Так, именно это время стало временем все возраставшей славы Театра на Таганке. Думаю, не в последнюю очередь в силу того, что для Ю. Любимова метод эзопова языка был основополагающим. Важно было прорваться сквозь текст — например, сквозь «пугачевщину» Есенина — к идее освобождения, бунта против догм, неприятия огосударствления человека; сквозь текст Брехта — к размышлениям о нашем больном обществе, искажающем человеческую природу («Добрый человек из Сезуана»), об ответственности интеллигенции и ответственности перед интеллигенцией («Галилей»); в тексте романа Булгакова стократно усилить аллюзии со сталинщиной, с нашей жизнью. «Борис Годунов» кричал о бесправии и податливости народа, и я прекрасно понимаю, почему этот «эзопов» спектакль, взрывоопасный в те времена в каждом эпизоде, был запрещен. Правда, ныне из него самим изменившимся временем вынуты сопротивление режиму, аллюзионность, язык. Теперь, в новую эпоху, зритель в этом не нуждается, и спектакль не имеет того ошеломляющего успеха, который сопровождал бы его еще несколько лет тому назад.
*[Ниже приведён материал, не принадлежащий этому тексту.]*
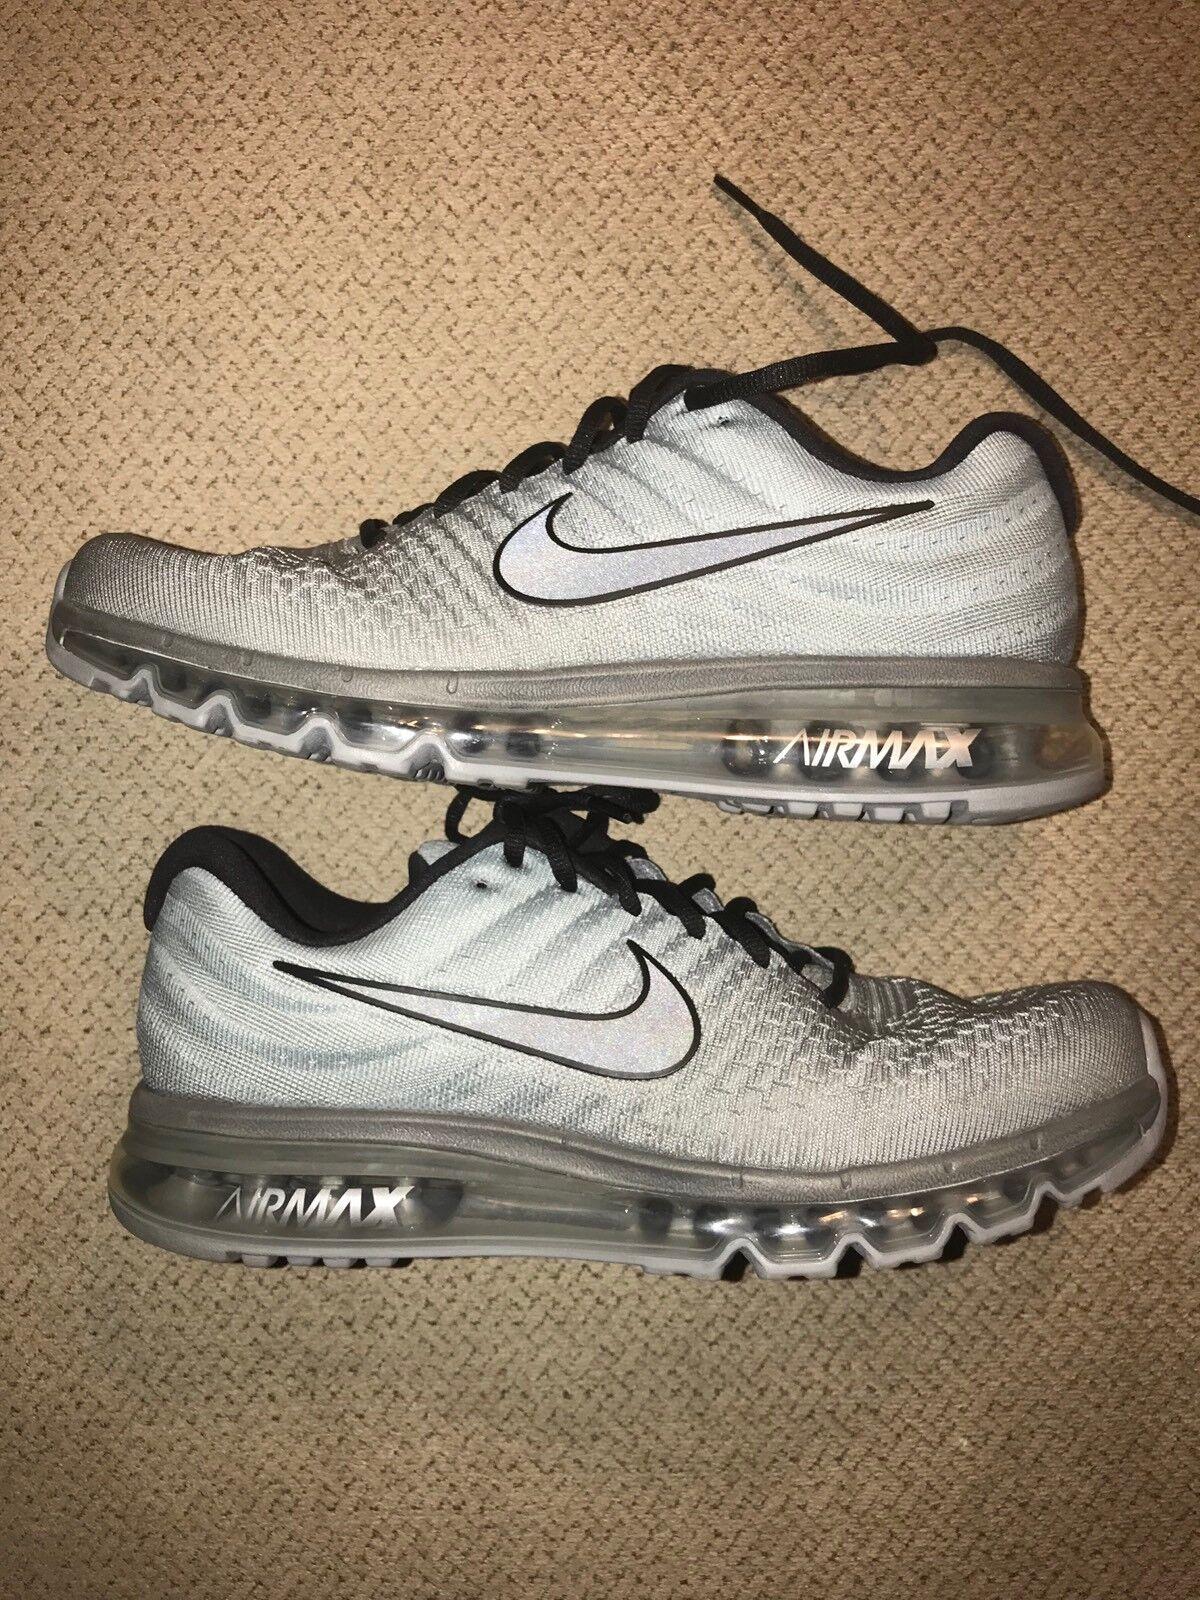 Nike air max 003] degli uomini '11 nerostealth [849559 003] max in grigio c6a12c

На эзоповом языке разговаривали со зрителем — каждый по-своему, конечно же, — А. Эфрос и М. Захаров, О. Ефремов и М. Розовский.
Кризис театра, о котором — недружно, но одновременно — толкуют театральные критики, гоже порожден прежде всего сменой речи, ненужностью эзопова языка, вошедшего в состав крови современных деятелей театра. Помочь преодолению кризиса может и «новое табу»… Например, табу на какие-то современные события. И лучшим спектаклем сезона, по мнению многих критиков, стал «Мудрец» в Театре Ленинского комсомола, поставленный М. Захаровым по обновленному рецепту «эзопова языка» с инкрустацией новых «достижений» эпохи гласности — например, актера на сцене в чем мать родила… Но вернемся во времена «застоя».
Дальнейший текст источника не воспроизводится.